Esa cultura de enfrentamiento también se puede dar en la Iglesia y entre los cristianos. Así lo denunciaba el papa Francisco el día de Pentecostés de 2021: “Hoy, si escuchamos al Espíritu, no nos centraremos en conservadores y progresistas, tradicionalistas e innovadores, derecha e izquierda. Si estos son los criterios, quiere decir que en la Iglesia se olvida el Espíritu. El Paráclito impulsa a la unidad, a la concordia, a la armonía en la diversidad. Nos hace ver como partes del mismo cuerpo, hermanos y hermanas entre nosotros. ¡Busquemos el todo! El enemigo quiere que la diversidad se transforme en oposición, y por eso la convierte en ideologías. Hay que decir «no» a las ideologías y «sí» al todo” (Homilía, 23-5-2021).

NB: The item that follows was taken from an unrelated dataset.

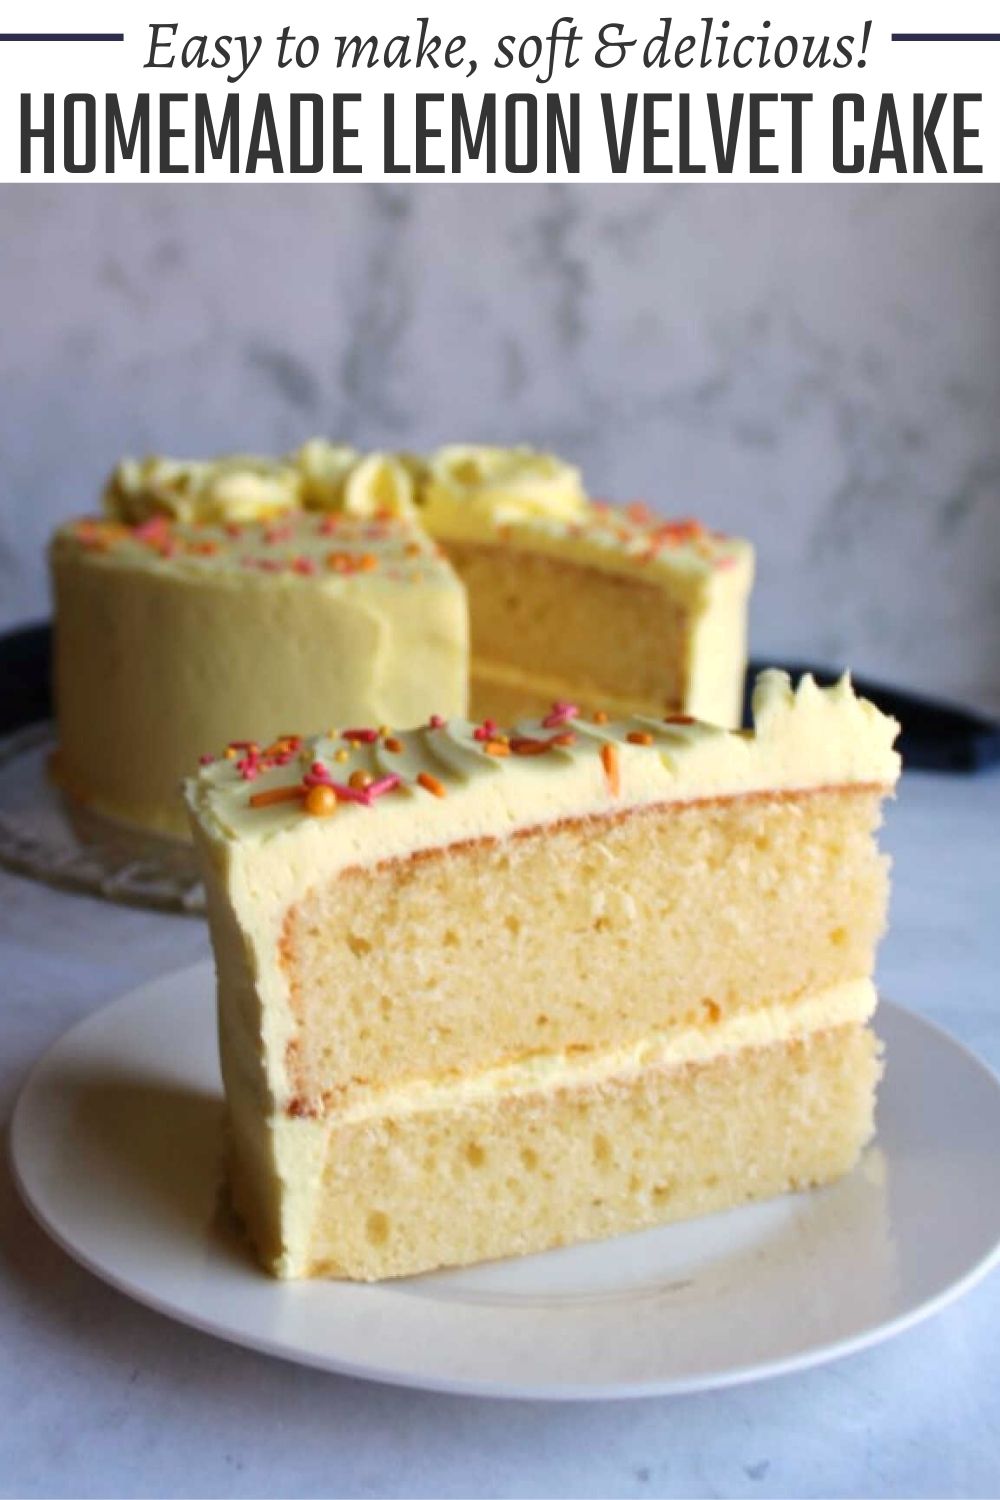 Layers of soft lemon cake wrapped in a luscious lemon frosting, this citrus twist on a velvet cake is a must make.  The recipe is super simple to make.  There's no butter to soften or crazy ingredients to get.  You'll have it in the oven in no time and you'll be thanking your lucky stars after the first bite!

Precisamente, la misión es siempre una gran oportunidad para vivir la comunión, la fraternidad. La misión nos hace salir de nosotros mismos y nos ayuda a poner los ojos en los demás, en los que están cerca y en los que están lejos. Nos anima a rezar unos por otros, sintiéndonos responsables del bien y del mal que disfrutan o padecen los demás. Nos hace abandonar nuestras comodidades para que nos acordemos de que hay muchos hombres y mujeres en el mundo, también niños y jóvenes, que no conocen al Salvador y que también tienen sed de ser amados, acompañados, perdonados, mirados por Dios. Nos abre el corazón a la generosidad, que nos motiva a desprendernos incluso de lo que podemos necesitar, para dárselo a otro que está más necesitado que nosotros.
“Uno para todos y todos para Él” es una forma expresiva de plasmar esta idea. Con ella parafraseamos una conocida frase de la gran novela Los tres mosqueteros, de Alejandro Dumas. De hecho, es el lema nacional, no oficial, de Suiza. Pero aquí le damos el sentido sobrenatural.
“Uno para todos”, porque Cristo es para todos. Él ha venido a salvar a todos, quiere llegar a todos y con todos hacerse uno. Todos comemos del mismo pan y todos bebemos del mismo Espíritu (cf. 1 Cor 10,17; 12,13). Cristo se da a todos y con todos se hace el encontradizo para entrar en su corazón (cf. Ap 3,20).
“Todos para Él”, como expresión de la sinodalidad, a la que el papa Francisco nos está invitando. Todos, cada uno desde su vocación personal, concreta; cada uno con sus talentos y dones, también con sus limitaciones y pobrezas; pero todos remando en la misma dirección, para poner todo bajo el cuidado y la mirada del Señor. Todos sintiendo la responsabilidad de la misión de la Iglesia.
Los niños en la Infancia Misionera deben disfrutar de esta experiencia de Iglesia. Experiencia de compartir, pero no solo los bienes materiales: también la fe, la alegría de saberse querido. La experiencia de saberse útiles, necesarios para los demás, ayudando a llevar la cruz, la dificultad, el peso del día a día a quienes, como nosotros, tienen deseos de ir al cielo.
Por José María Calderón Director de OMP en España
REVISTA GESTO
EN ESTE NÚMERO…
Todos somos parte de una sociedad que nos necesita y ser parte de ello es lo que nos hace mejores. Todos estamos aquí para mejorar la vida de nuestros amigos, familiares, compañeros… ¿Alguna vez has pensado cómo quieres tú mejorar el mundo en el que vives? Hay millones de formas de hacerlo. Se trata de dejar siempre todo mejor de lo que lo encontraste y tú decides cómo hacerlo.
En un mundo dividido por el odio, las guerras, las diferencias y las envidias, los cristianos mantenemos la unidad. Nos ayudamos, nos perdonamos y mostramos a la gente que otro mundo es posible. Tenemos una responsabilidad con nuestros iguales y todos somos indispensables para Dios. Jesús escogió a los apóstoles, todos muy diferentes. Hoy, Jesús sigue escogiendo a personas como tú y como yo. Cada uno de nuestros nombres está escrito en la “lista”. Él te ha llamado y te ha escogido a ti.
Es tu momento, pequeño misionero. Interésate por los que te rodean y saca lo mejor de ti para ponerlo al servicio de todos. Dios te ha creado para que puedas darte a los demás. Todos somos necesarios, cada uno de nosotros es insustituible para el equipo de Dios.